Myself and a buddy met to make dinner late one Sunday night. Gnocchi had been in the plans but after we had finished our respective leftover work (ok, he was working, I was rereading American Psycho) we were both too tired and too hungry to wait for potatoes to boil. So we went another way. Jambalaya! Down to the corner store we went (a bodega for those in the know; for you west coasters who haven’t come into contact with one, think of a gas station convenience store and add some produce). Rather than wait for chicken to cook (we were seriously hungry) we decided to go for sausage instead. So we bought sausage, rice, celery, garlic, oil, beer and an onion and shivered back to the apartment kitchen. After a half glass of Joy! Cuvee we were strong enough to start chopping and cooking. I chopped. He cooked up the sausage. Then, tragedy struck.
“Shoot!” I heard behind me. I wiped the onion-induced tears from my eyes and asked, “What?” fearing that I’d see a nasty burn or bloodied cut – but it was far worse than that. “It’s vegan!”
In our rush to eat we had bought vegan “sausage.”

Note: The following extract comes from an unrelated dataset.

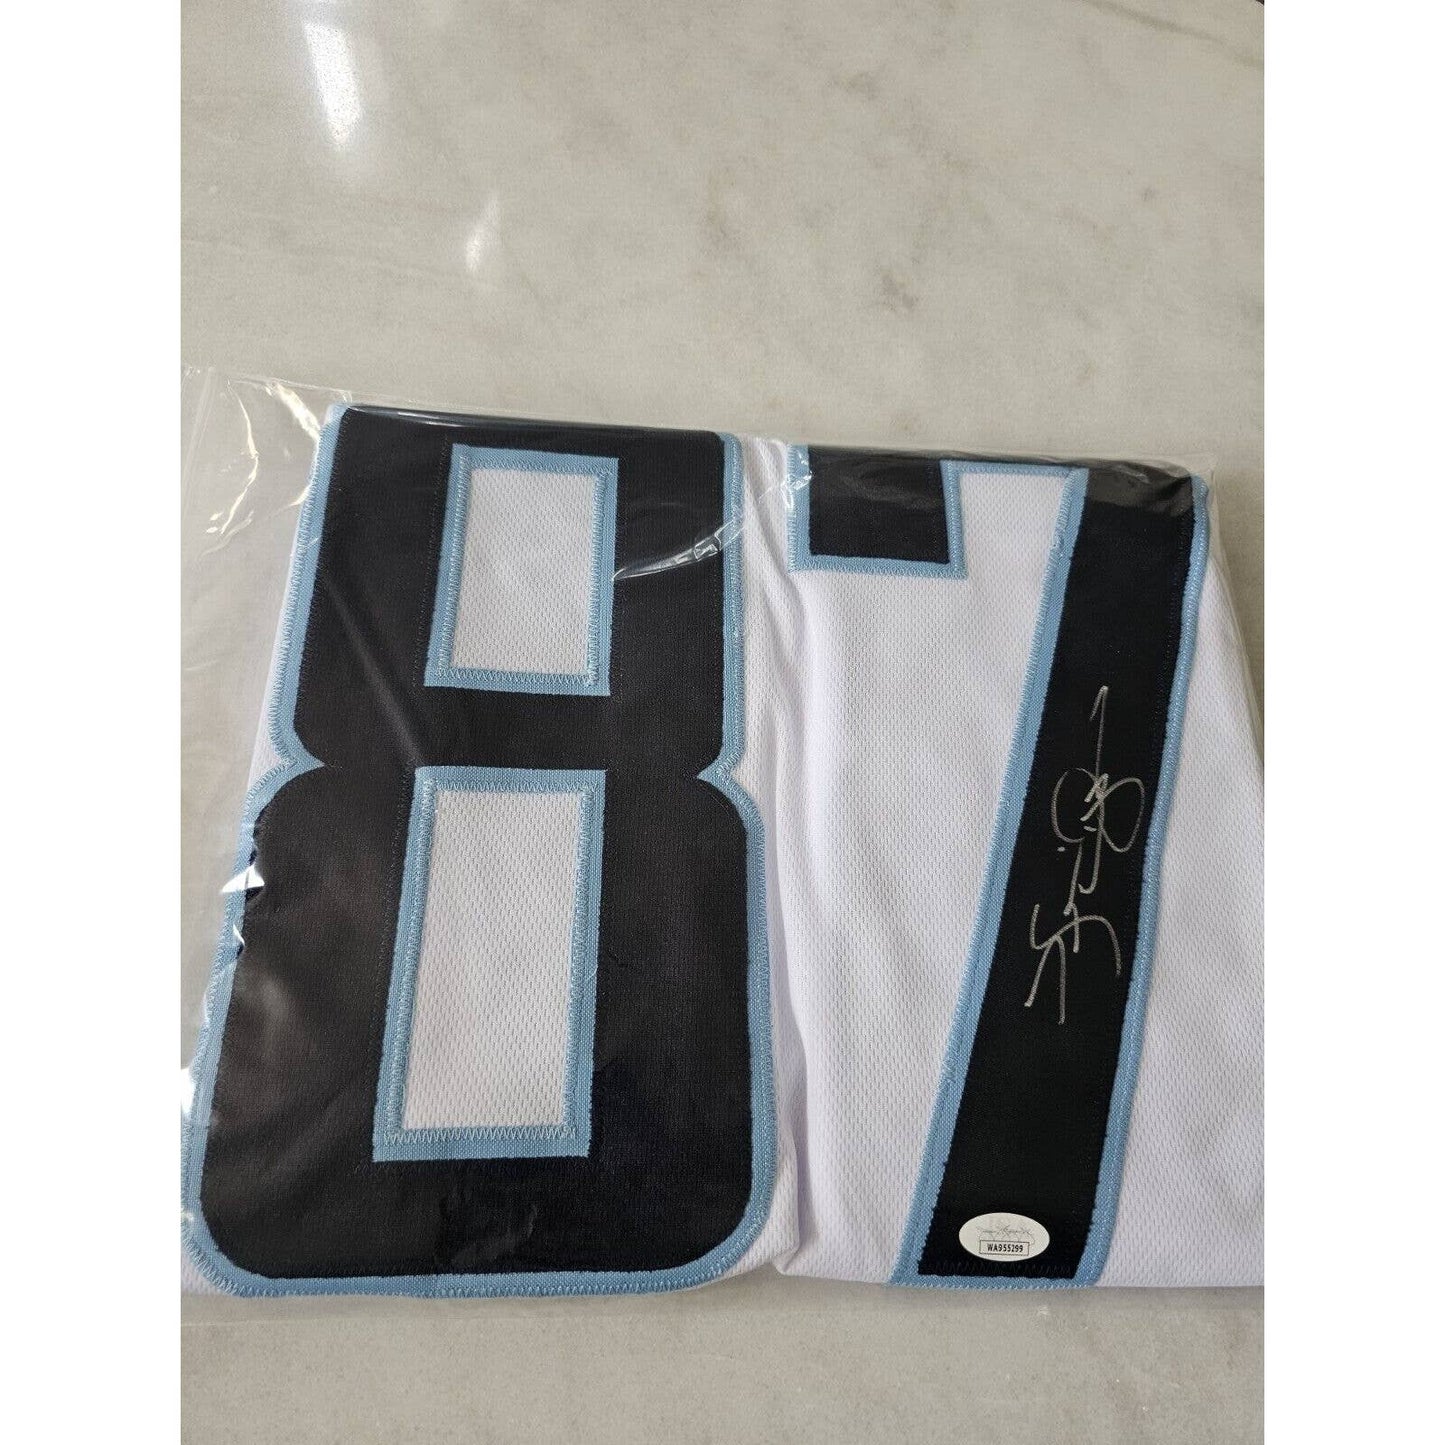 Kevin Dyson Autographed/Signed Jersey JSA Sticker Tennessee Titans

“Try it,” I was urged. I did. If you can imagine what oats and undercooked grits seasoned by instant ramen flavoring would taste like then you would have an idea of what this sad excuse for “meat” was like. So we abandoned the “sausage.” That meant what once was Jambalaya was now essentially a mildly Cajun rice pilaf. We poured a couple more glasses of sparkling and sat down to dinner – on the floor since a kitchen table and chairs is still in the works at said apartment. We ate some rice. We poured more wine. He went for seconds of rice. I drank more wine. And you know what? It was one of the better meals I’d had in a while. Filling, warm and accompanied by a deliciously briochey sparkling wine. The perfect winter meal if you ask me.